An anomaly is something that departs, or deviates, from the norm or the expectation. An outlier is an observation that lies outside its expected distribution. To find anomalies and outliers, it is important establish the norm, or the expectation.
Segregation (or separation) of duties is a common internal control that requires more than one person to complete each accounting task. We can use diagnostic analytics to evaluate segregation of duties. In general, it is important to separate: Custody of assets, authorization of the use of the assets, and record keeping.
Sometimes unusual transactions occur on holidays, weekends, or at the end of the accounting period when it is hard to find approval and authorization for certain transactions.
Occasionally, transactions are recorded twice on the same date, for the same amount, and with the same party. We call these duplicate transactions.
Fuzzy matching is a technique used to find potential matches in data when there less than an exact match.
1901 West Olney Avenue, Philadelphia, PA, 19141
VS.
1901 W Olney Ave., Philadelphia
Are the two addresses above a match? Cleary they are, they are just formatted differently. When we work with data, we often have to match data records to one another and fuzzy matching allows us to match two records with slightly different formatting - like the addresses for La Salle above - together.
A sequence check is a test to see if the key number field in a record (e.g., check number) is in correct ascending or descending sequence.

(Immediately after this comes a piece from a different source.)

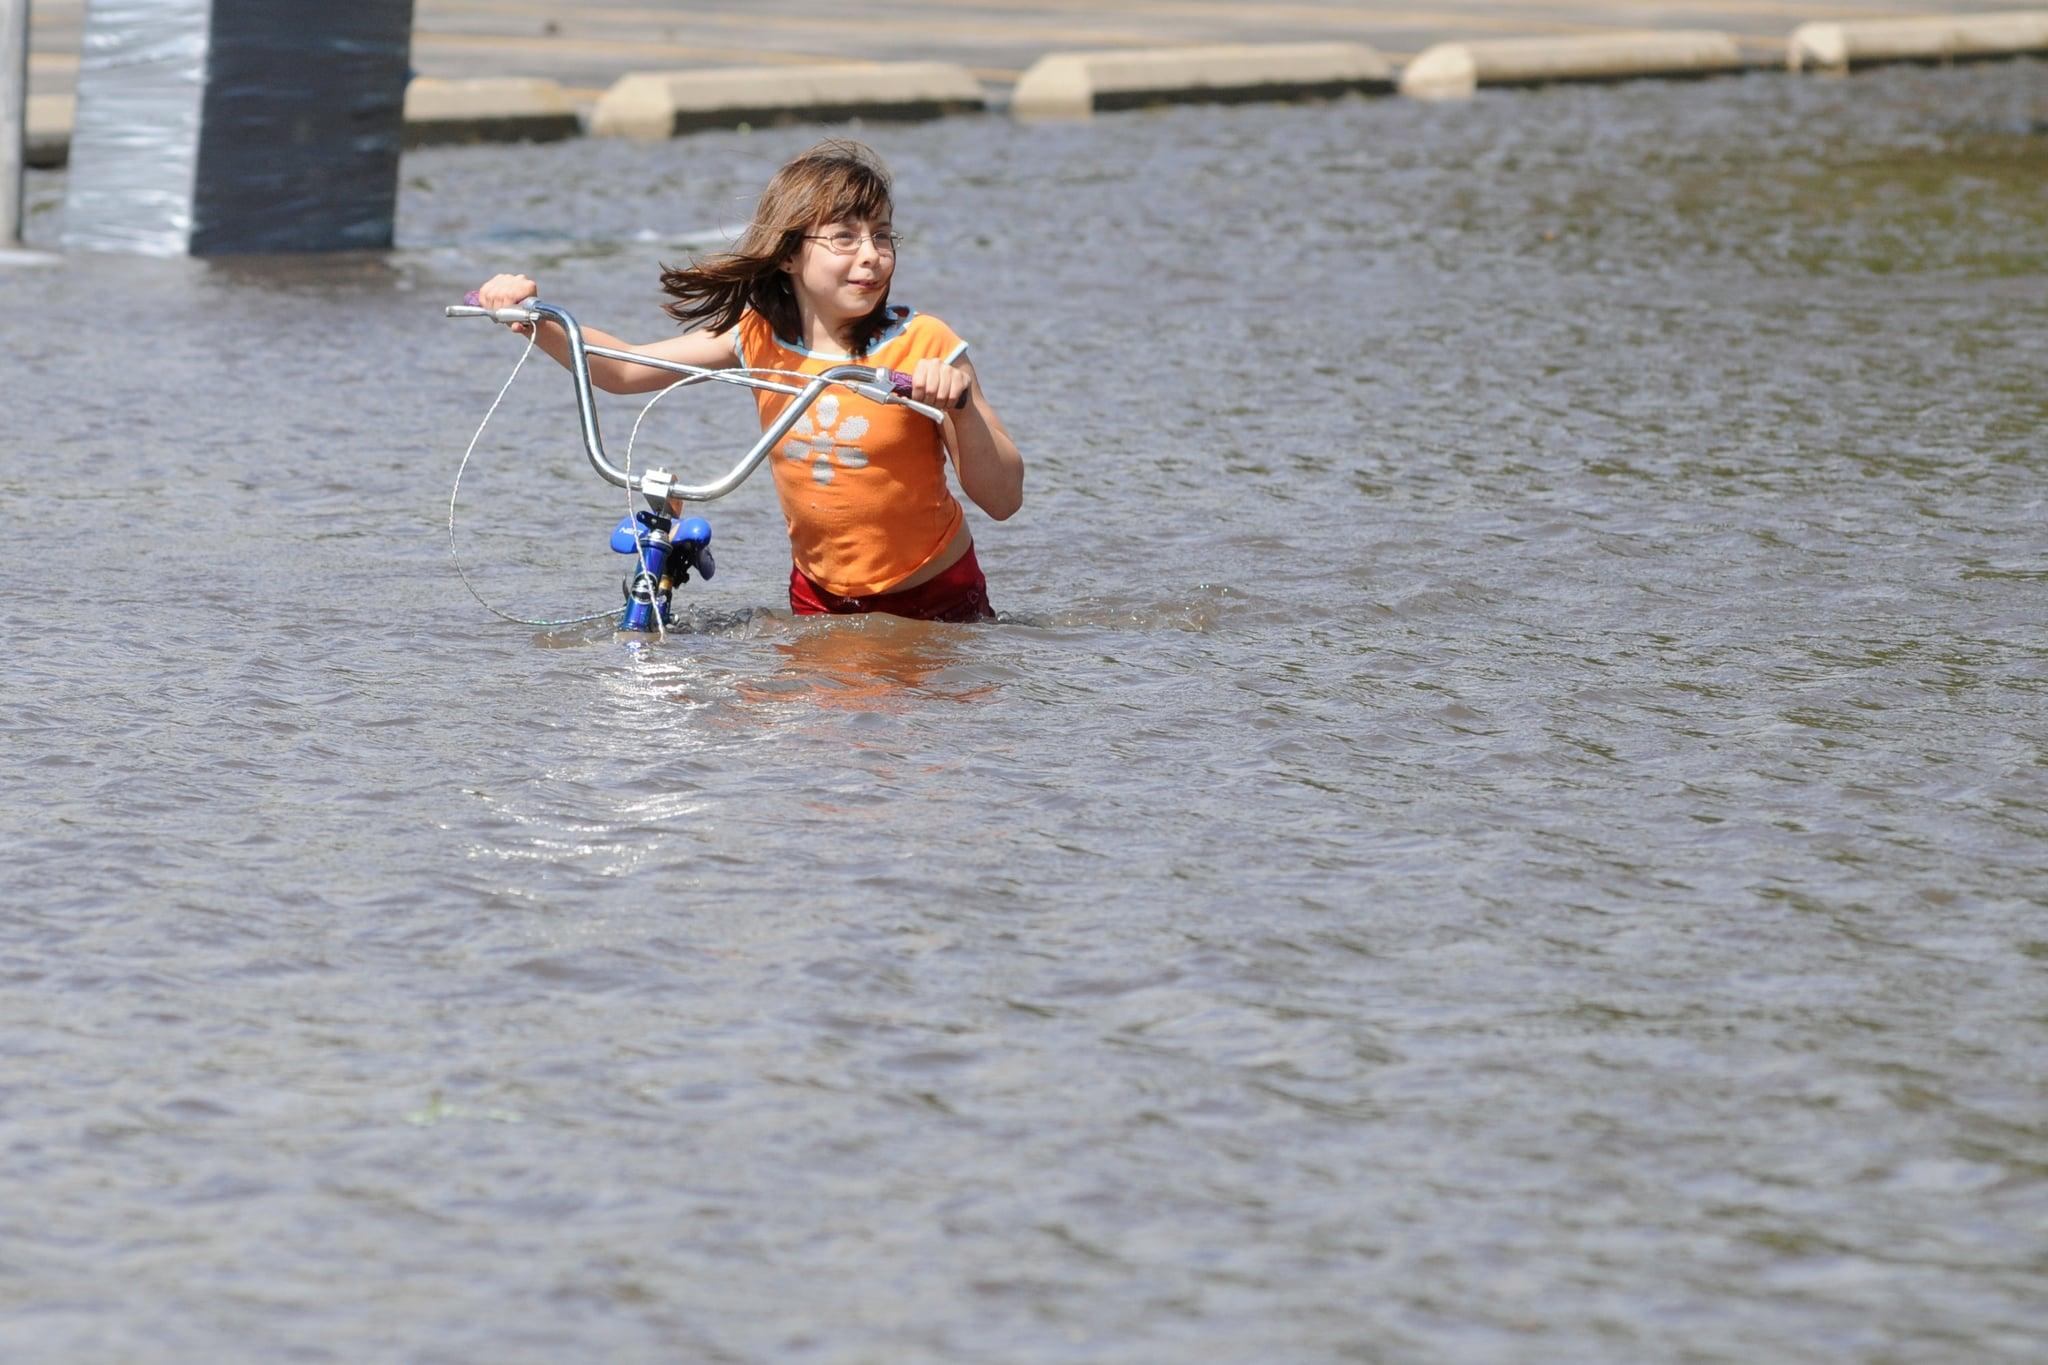 Gabrielle Steenblock, 8, walks across a flooded street near downtown Cedar Rapids.

Another type of diagnostic technique is reconciling the cash account in the general ledger to the bank statement. The bank reconciliation helps identify transactions on the bank statement that do not correspond with the company's general ledger and vice versa. Potential reconciling items include outstanding checks and deposits, in transit wires, and bank service fees.
Variance analysis is the process of identifying the difference between a budget amount and actual performance and is commonly used in managerial and cost accounting.
Benford's law is the principle that in any large, randomly produced set of natural numbers, there is an expected distribution of the first (leading) digit.